Table 2. siRNAs Targeting Human sod1
Figure 3. Highly Ordered Crosslinking of siRNA to RISC. C) siRNA designs, D) Autoradiograms of PAGE siRNA/Lysate Crosslink mixtures. The asterisk position indicates a crosslink to Argonaute (Ago2).
In duplexes b and c, siRNA b contains 5IU near the 3’-end of the antisense strand (one base in from the terminus), while in duplex c, 5IU is positioned next to the 3’-end of the sense strand, respectively. The siRNA d contains both phosphorylated strands of b and c. The gel reveals that siRNA b crosslinks predominantly to Dcr-2 and contains only double-stranded RNA (Figure 3, D, lane b). In contrast, siRNA c crosslinks to RBP and to Argonaute protein, and not at all to Dcr-2. It also contains significant single-stranded RNA, due to siRNA unwinding. siRNA d crosslinks to proteins with a combination of the results in b and c, which is expected since 5IU is present in both termini of corresponding b and c strands.
The reader can follow the gel data in the similar series of siRNAs e, f, and g, in which asymmetry of the single 5’-mismatch is positioned on the opposite strand to siRNAs b, c, and d, while keeping the 5IU at the corresponding location, respectively, adjacent to the terminus of each corresponding oligo. The data are consistent with analogous positioning of the duplex and the less-stable mismatched siRNA end preferentially loading into the RISC.
The authors propose that “R2D2 orients the Dcr-2/R2D2 heterodimer on the siRNA within the RLC. As siRNA unwinding proceeds, the heterodimer is exchanged for Ago2, the core component of the RISC,” and siRNA unwinding only occurs when the RISC, containing Argonaute, is assembled. Further studies support and expand these conclusions and readers are directed to recent reviews.7
Conclusion
Photo-crosslinking synthetic DNA and RNA to protein using 5-bromo and 5-iodopyrimidine nucleosides continues to facilitate research. The crosslink specificity to adjacent protein residues can reveal details of dynamic processes occurring in a large multifunctional ribonucleoprotein complex, as discussed for the RISC. These efficient crosslinkers are well-suited to additional research, among the growing collection of non-coding RNAs and RNP complexes regulating gene expression. Studies may be readily undertaken using the 5-halogen substituted amidites, judicious design of modified oligonucleotides, and readily available photo-cross linking methods.
The Glen Research line of molecules includes halogenated-deoxycytidine and -deoxyuridine phosphoramidites and bromodeoxyuridine CPG support.
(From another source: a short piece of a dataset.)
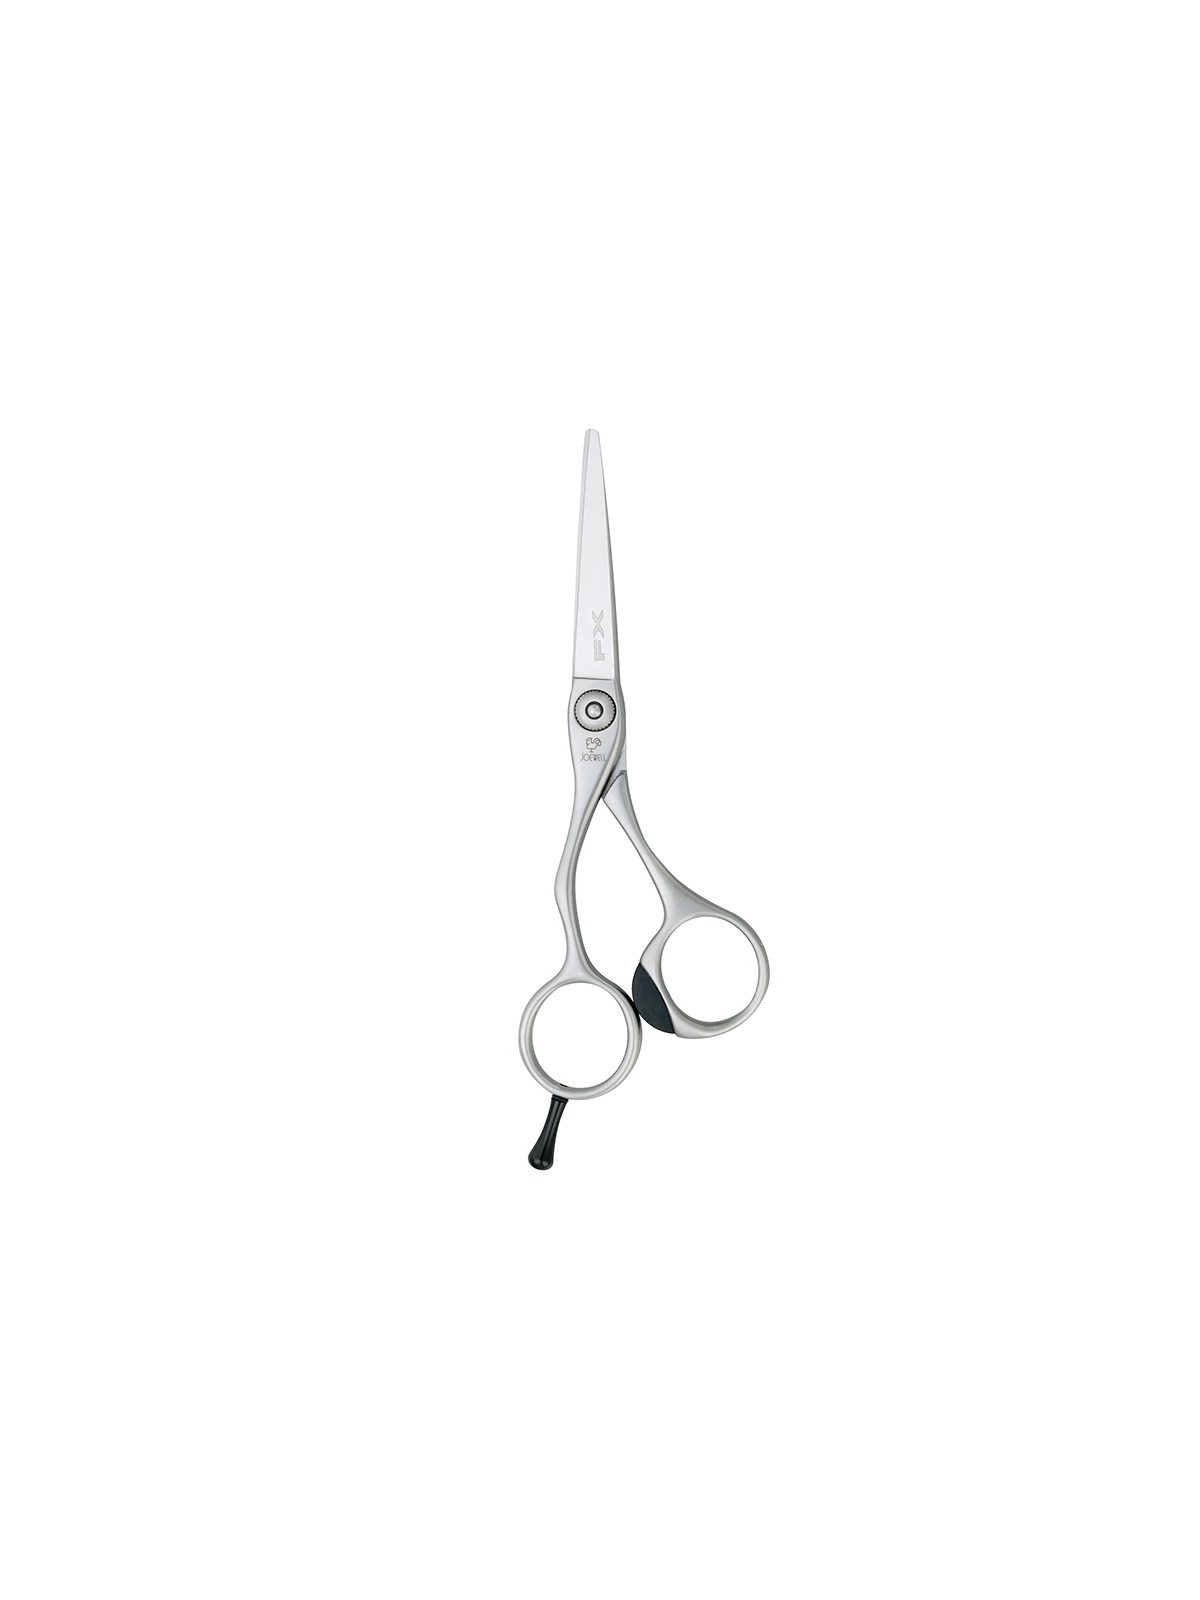 Joewell FX LH left hand cutting scissors

For RNA constructs, bromo- and iodo-uridine phosphoramidites are available TBDMS protected, and as the bromo-uridine, 2’-O-methyl phosphoramidite. In general, mild deprotection is required. See use instructions for dissolution, coupling, and deprotection conditions for monomers.
References
- The Glen Report, 2019, 31.1, 3-10. https://www.glenresearch.com/reports/gr31-12
- Abbreviations used: dsRBP, double stranded RNA binding protein; lncRNA, long non-coding RNA; mRNA, messenger RNA; miRNA, microRNA; RBP, RNA binding protein-also called dsRBP in Figure 1; RNAi, RNA Interference; RISC, RNA-induced silencing complex; RNP, ribonucleoprotein; siRNA, small interfering RNA; sod1, superoxide dismutase 1; ssRNA, single-stranded RNA.
- Y. Tomari, C. Matranga, B. Haley, N. Martinez, P.D. Zamore, Science, 2004, 306 (5700), 1377-1380.
- A. Fire, S. Xu, M.K. Montgomery, S.A. Kostas, S.E. Driver, C.C. Mello, Nature, 1998; 391 (6669): 806-811.
- R. Wilson and J.A. Doudna, Annu. Rev. Biophys., 2013, 42: 217–239.
- Y. Tomari, T. Du, B. Haley, D.S. Schwarz, R. Bennett, H.A. Cook, B.S. Koppetsch, W.E. Theurkauf, P.D. Zamore, Cell, 2004, 116 (6): 831-841.
- A.V. Olina, A.V. Kulbachinskiy, A.A. Aravin, D.M. Esyunina, Biochemistry (Moscow), 2018, 83: 483-497.